## What is being asked
The listing that follows should be copied in full and exactly, with no pictures.

## Given data
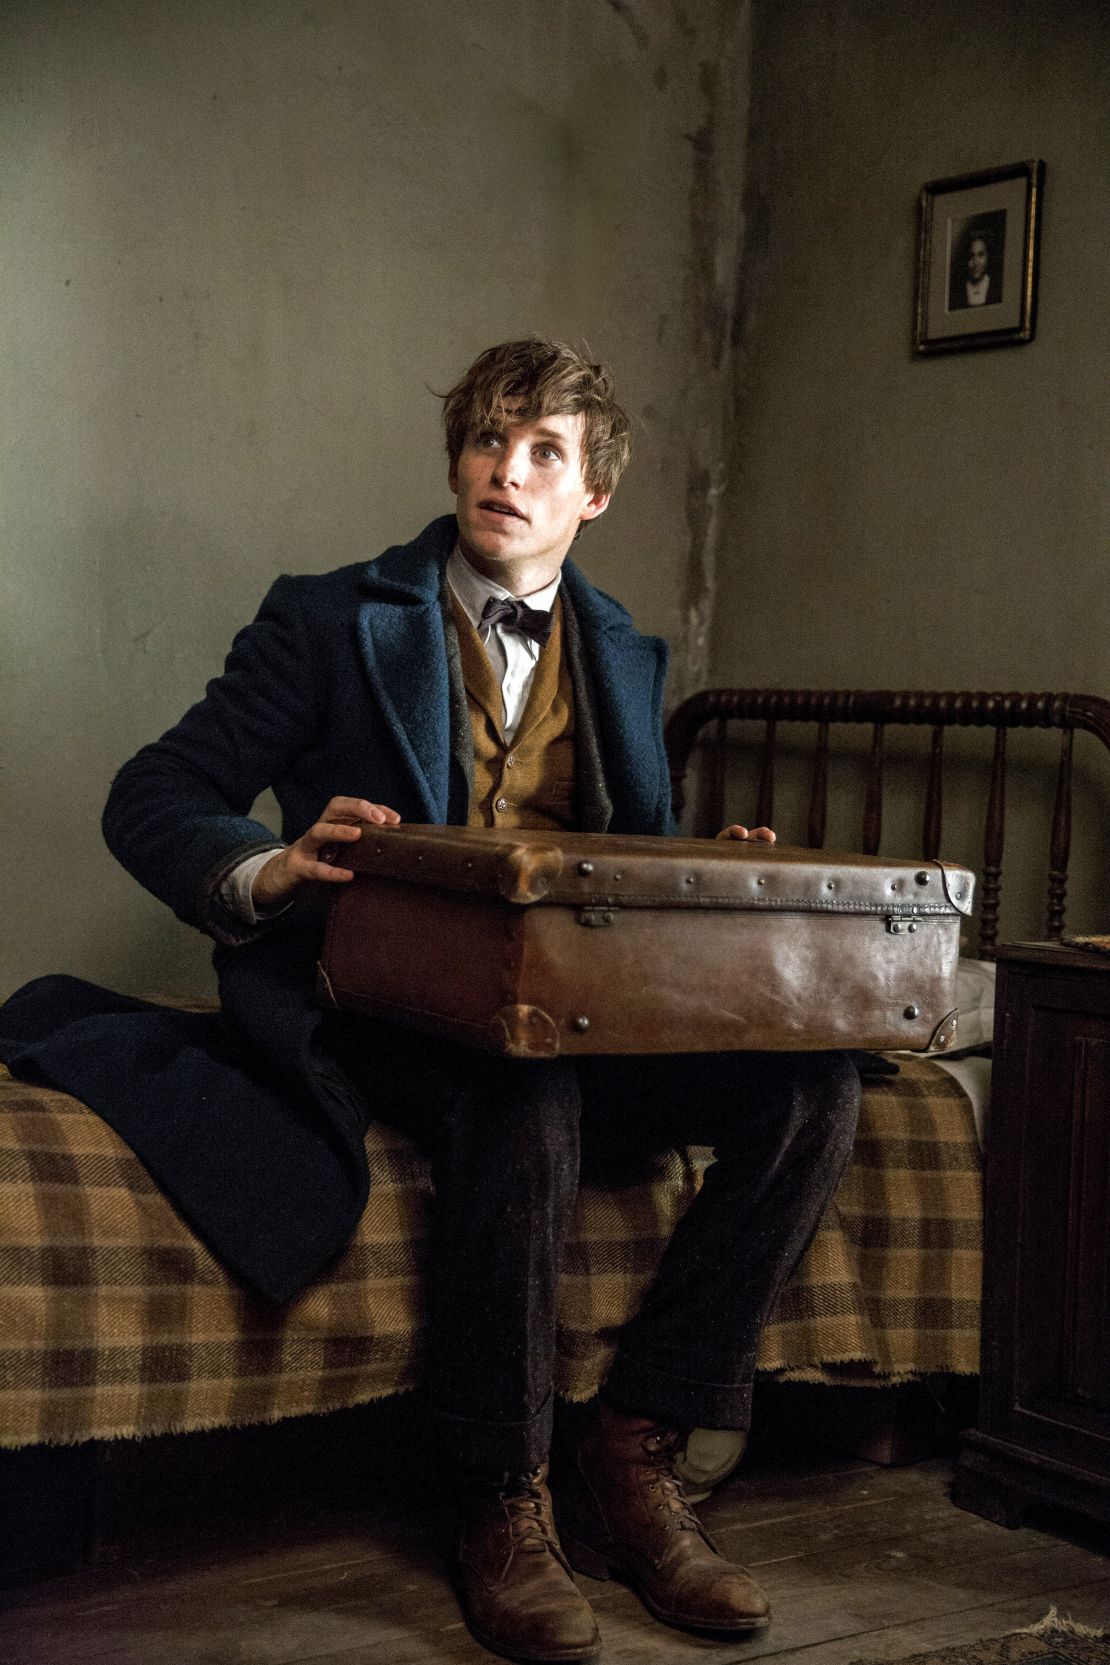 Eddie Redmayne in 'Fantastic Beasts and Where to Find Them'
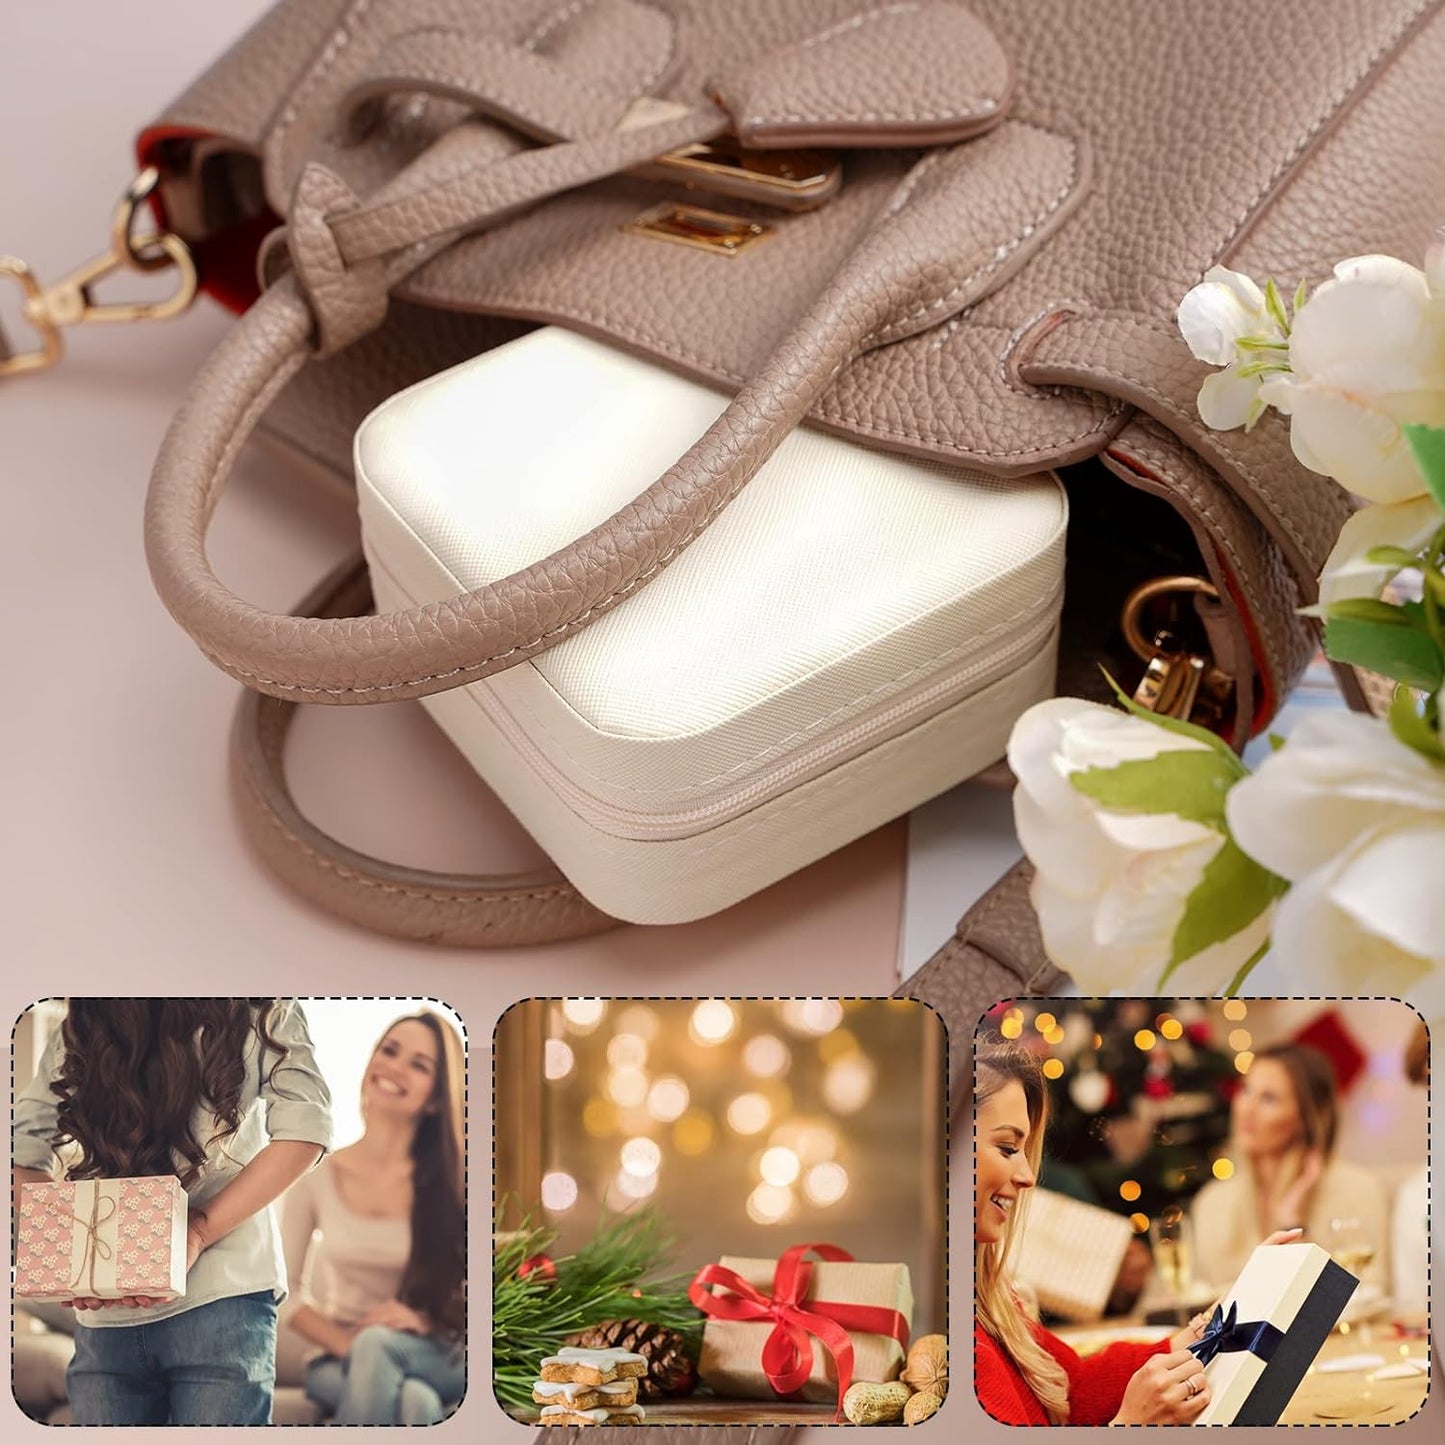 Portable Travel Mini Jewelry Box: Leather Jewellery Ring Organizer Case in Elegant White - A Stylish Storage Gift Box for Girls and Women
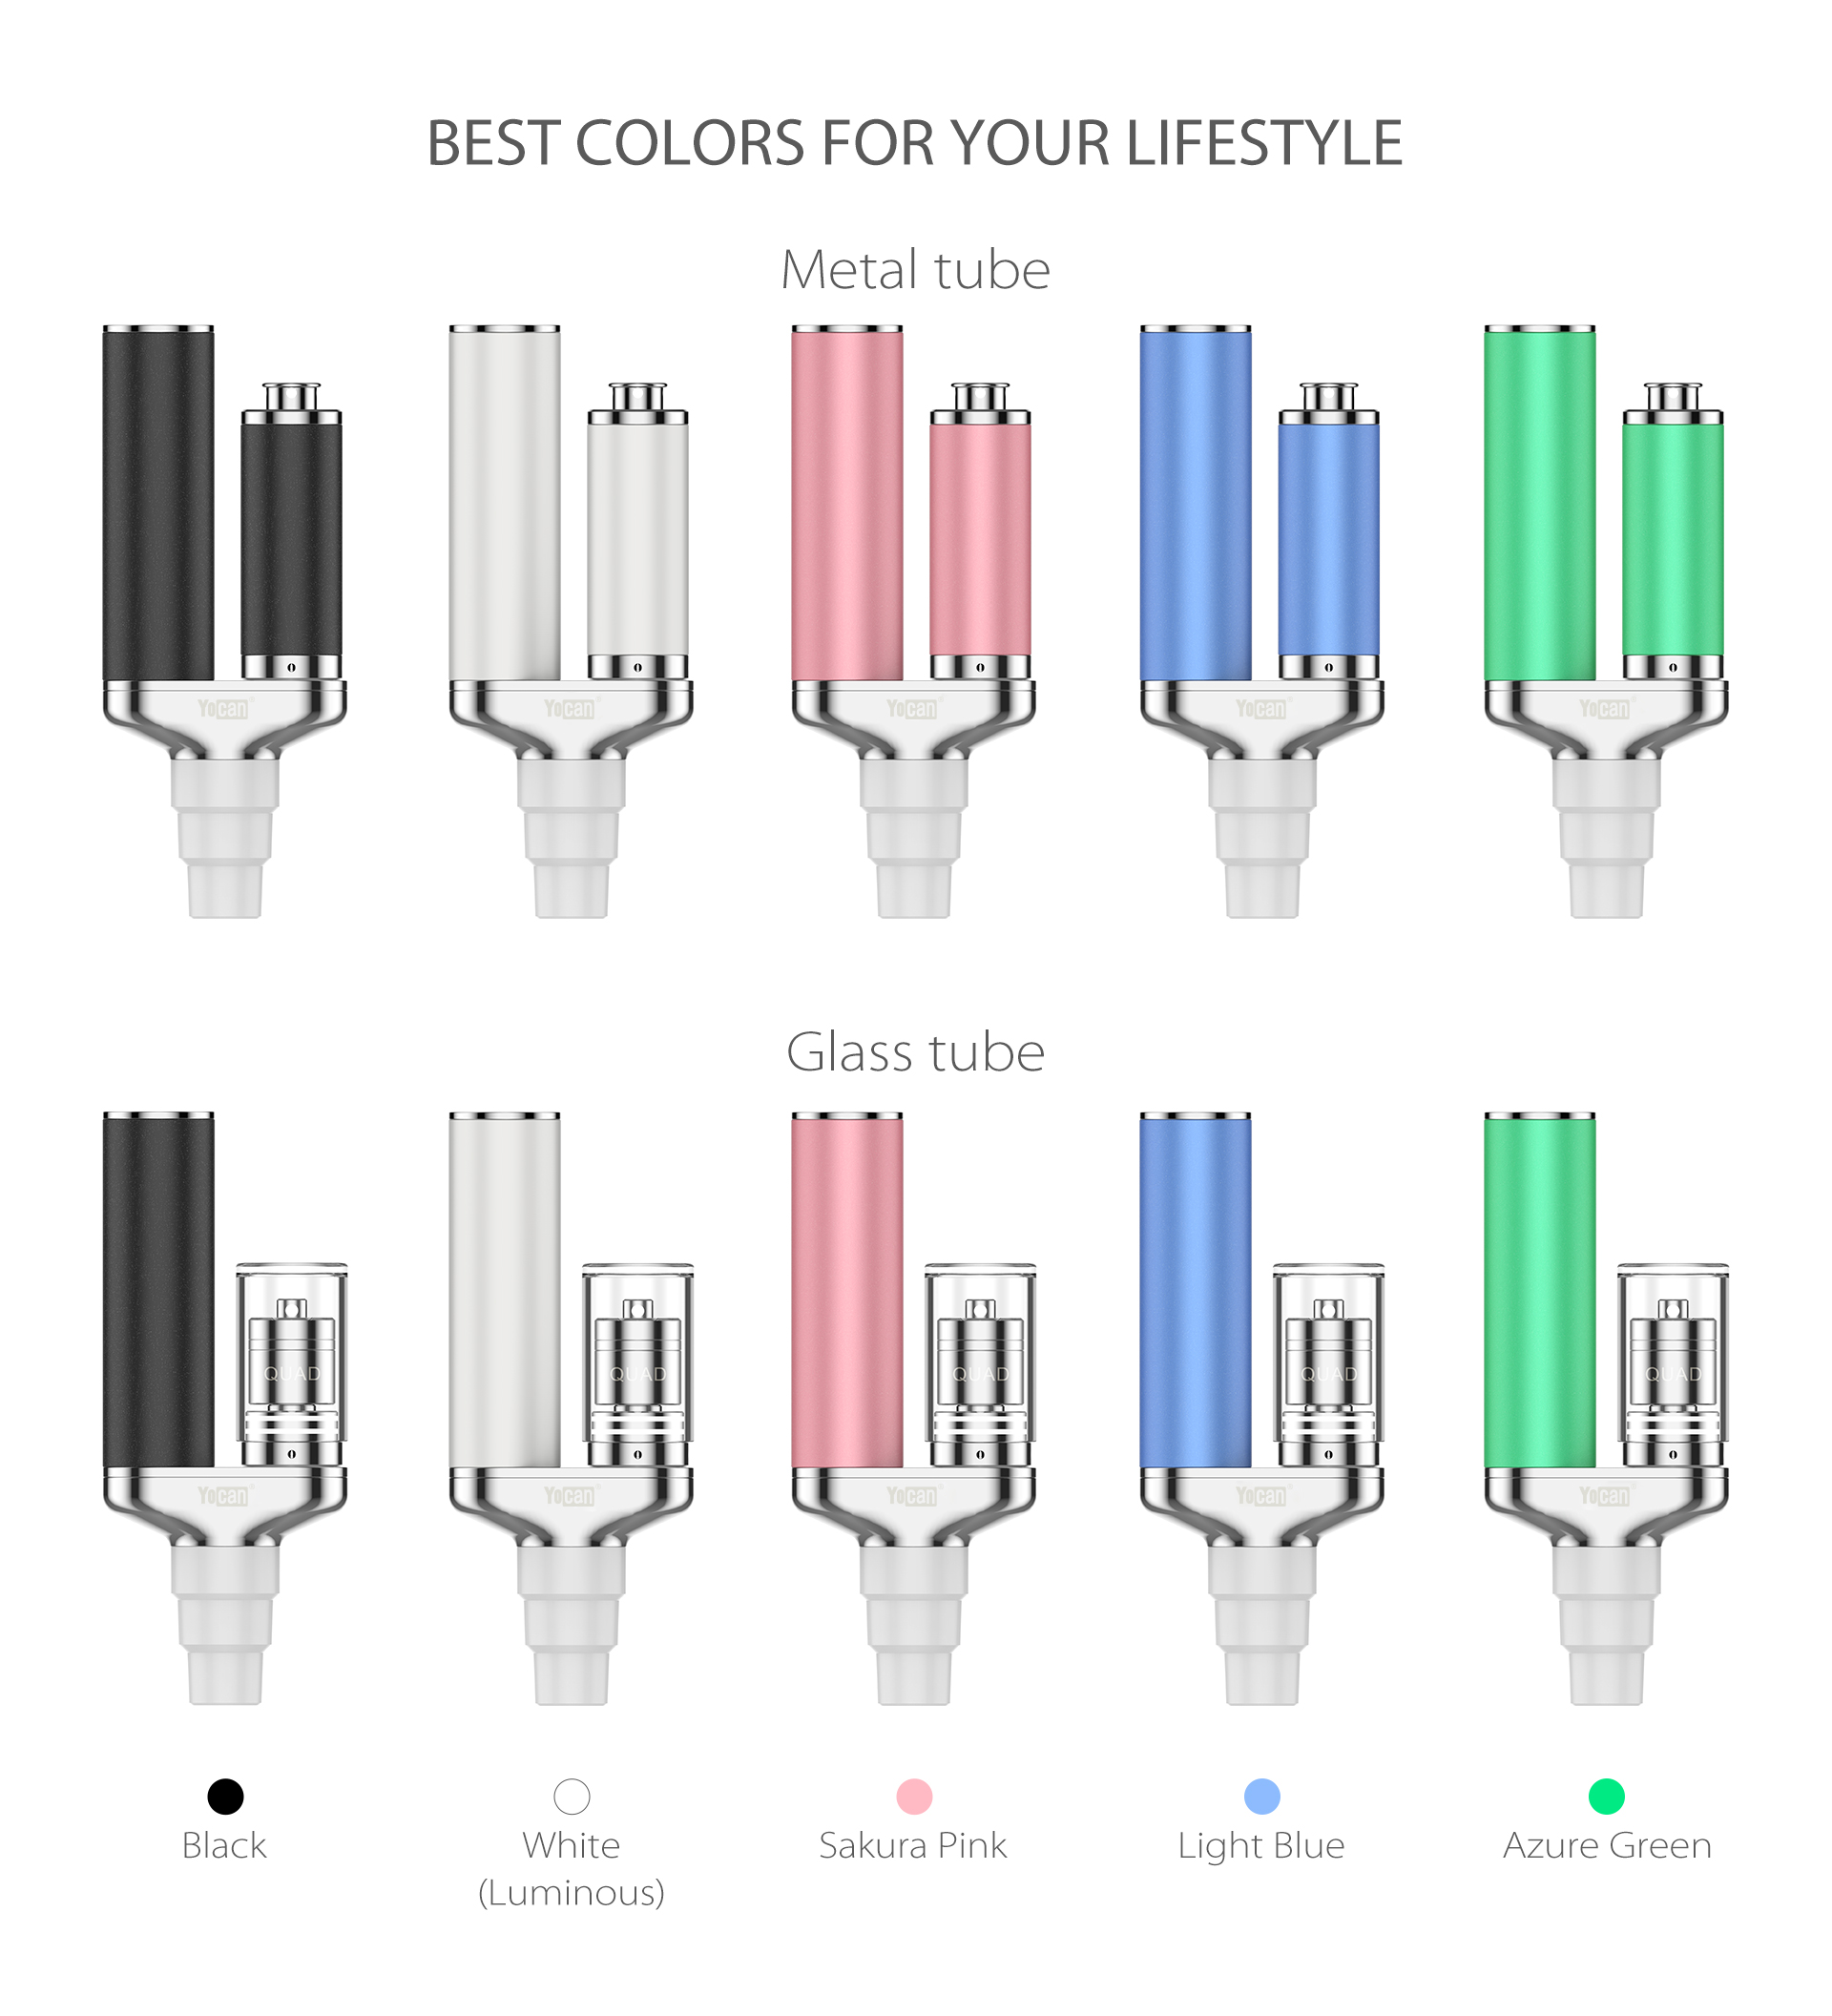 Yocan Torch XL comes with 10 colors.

## Finished exercise
 Eddie Redmayne in 'Fantastic Beasts and Where to Find Them'
 Portable Travel Mini Jewelry Box: Leather Jewellery Ring Organizer Case in Elegant White - A Stylish Storage Gift Box for Girls and Women
 Yocan Torch XL comes with 10 colors.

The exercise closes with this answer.